We conduct evaluations on a range of Large Language Models including GPT-4, ChatGPT, Gemini-Pro, Yi, Orca, and Mistral.
- Score: 46.26140720993383
- License:
- Abstract: As Large Language Models (LLMs) continue to exhibit remarkable performance in natural language understanding tasks, there is a crucial need to measure their ability for human-like multi-step logical reasoning. Existing logical reasoning evaluation benchmarks often focus primarily on simplistic single-step or multi-step reasoning with a limited set of inference rules. Furthermore, the lack of datasets for evaluating non-monotonic reasoning represents a crucial gap since it aligns more closely with human-like reasoning. To address these limitations, we propose Multi-LogiEval, a comprehensive evaluation dataset encompassing multi-step logical reasoning with various inference rules and depths. Multi-LogiEval covers three logic types--propositional, first-order, and non-monotonic--consisting of more than 30 inference rules and more than 60 of their combinations with various depths.

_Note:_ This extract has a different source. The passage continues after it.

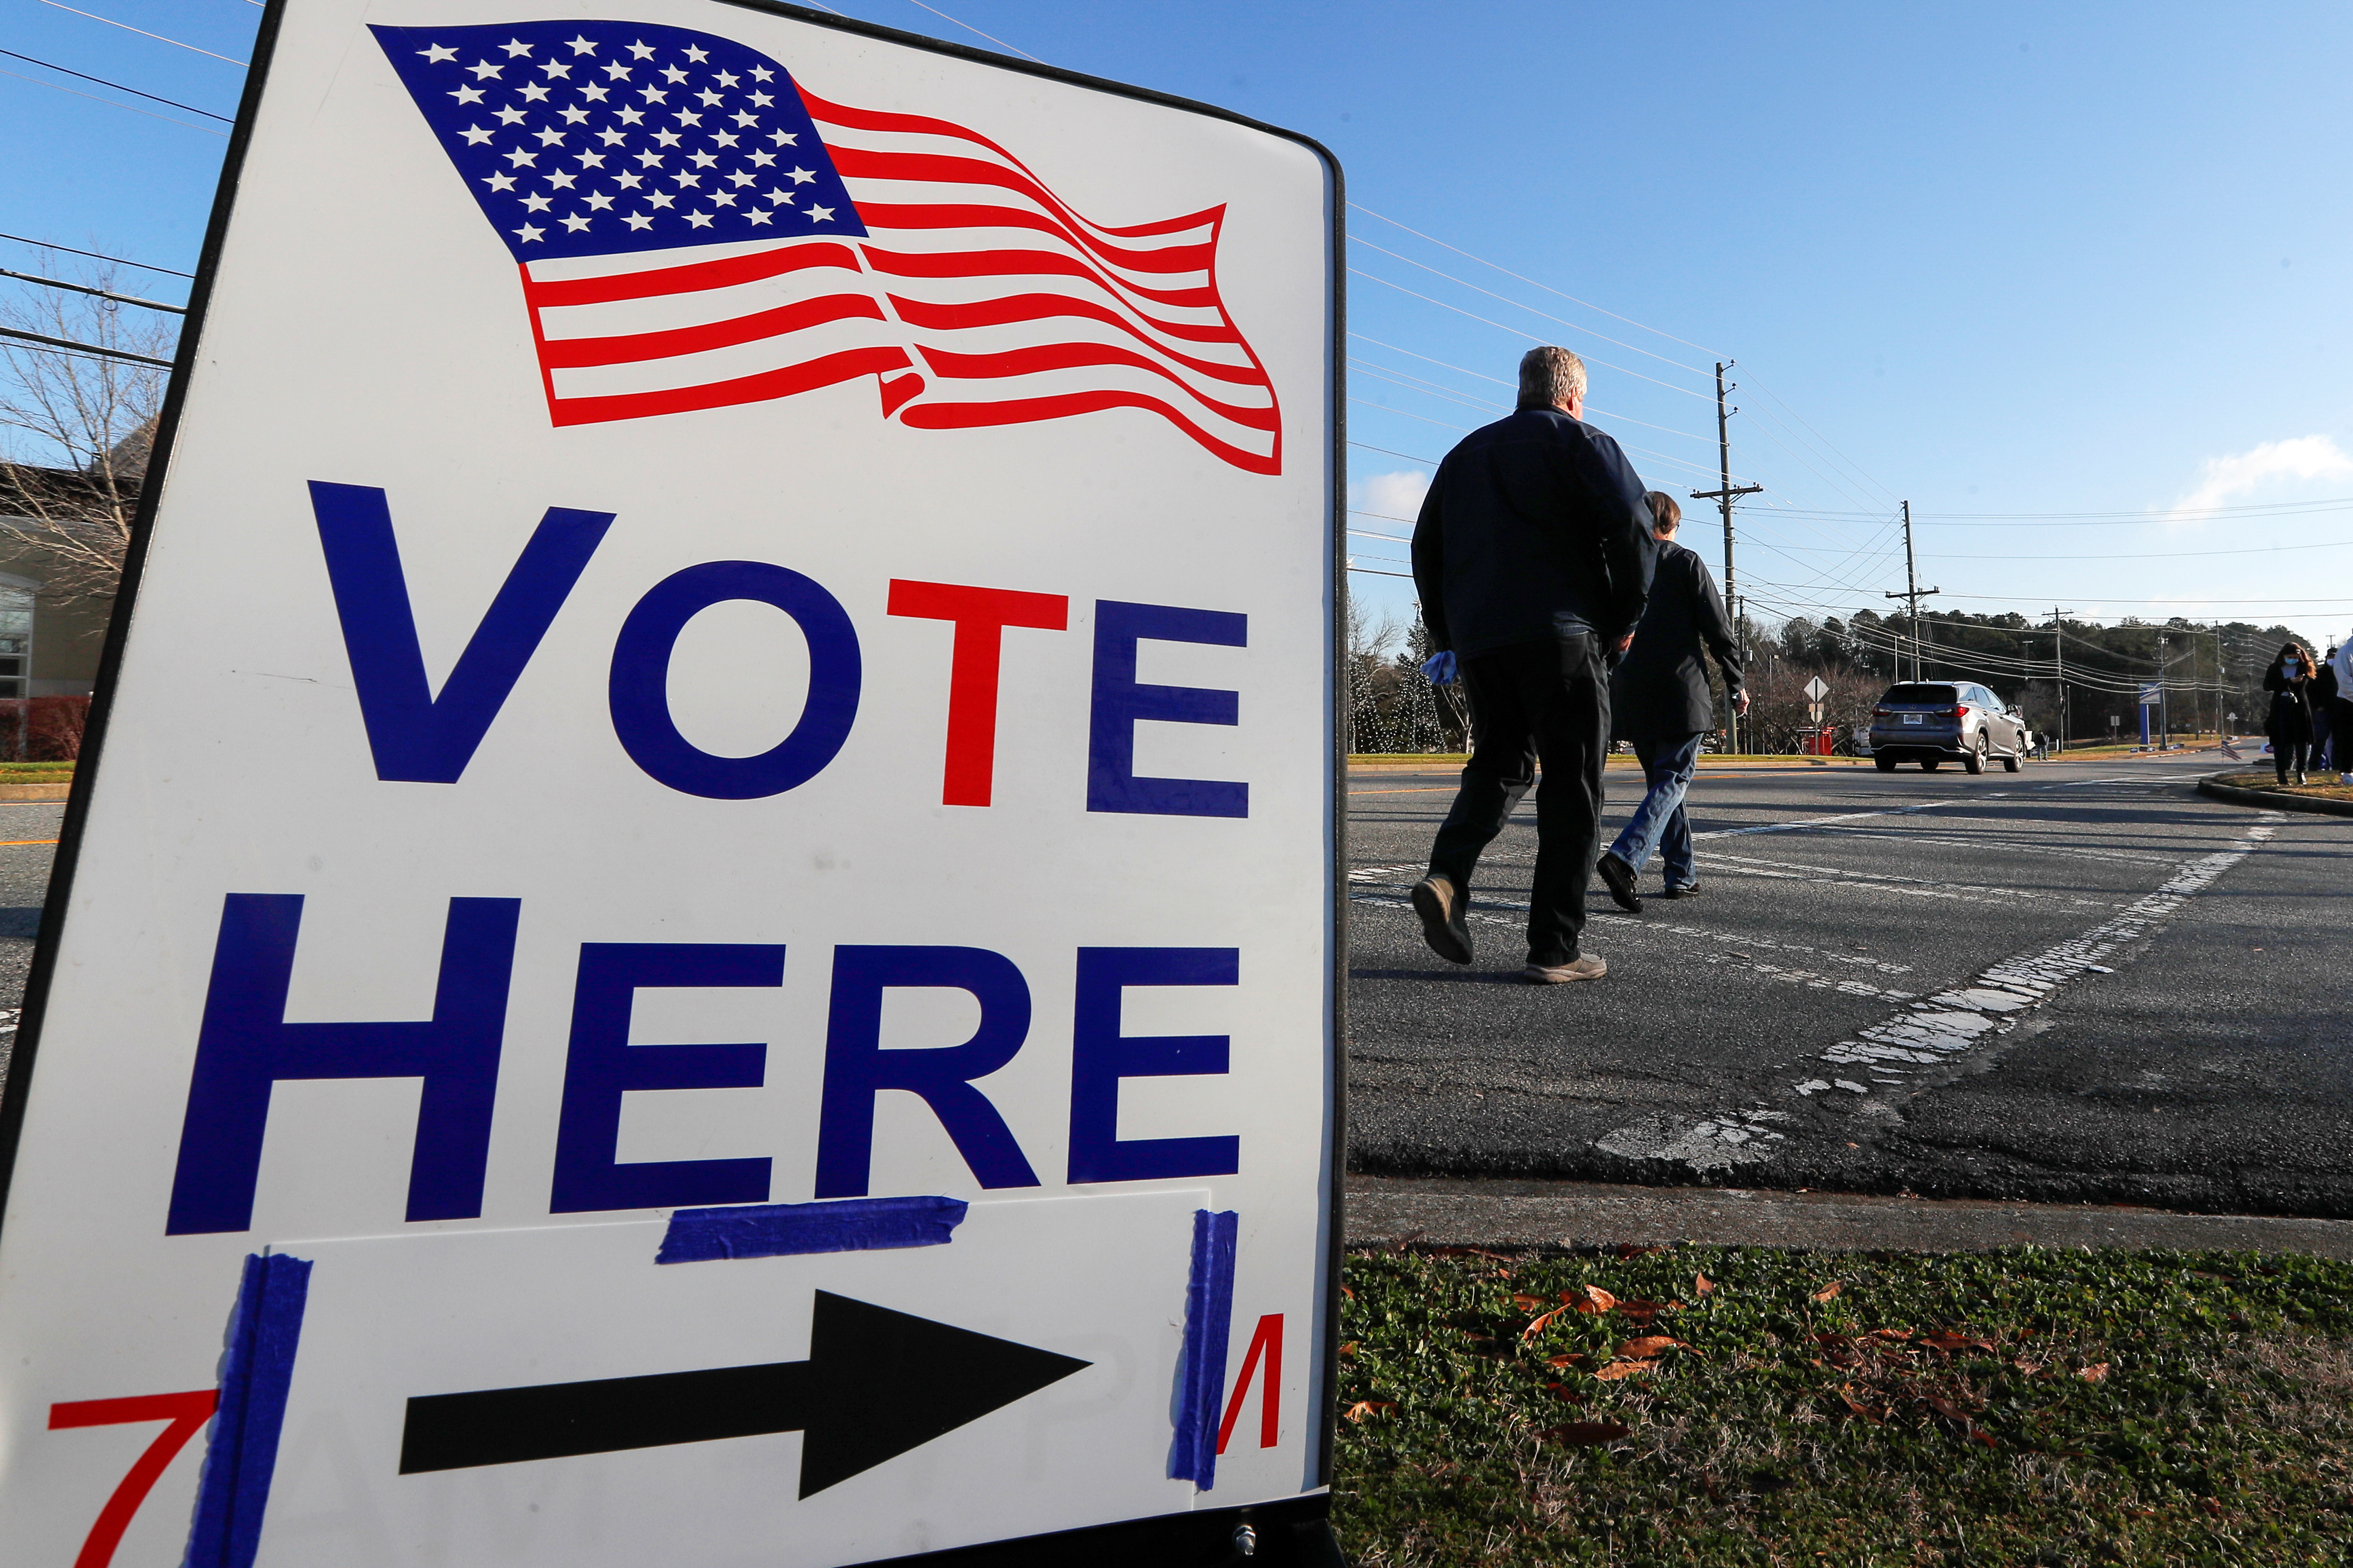 A sign is seen as voters line up for the U.S. Senate run-off election, at a polling location in Marietta, Georgia, U.S., January 5, 2021. REUTERS/Mike Segar/File Photo

Leveraging this dataset, we conduct evaluations on a range of LLMs including GPT-4, ChatGPT, Gemini-Pro, Yi, Orca, and Mistral, employing a zero-shot chain-of-thought. Experimental results show that there is a significant drop in the performance of LLMs as the reasoning steps/depth increases (average accuracy of ~68% at depth-1 to ~43% at depth-5). We further conduct a thorough investigation of reasoning chains generated by LLMs which reveals several important findings. We believe that Multi-LogiEval facilitates future research for evaluating and enhancing the logical reasoning ability of LLMs. Data is available at https://github.com/Mihir3009/Multi-LogiEval.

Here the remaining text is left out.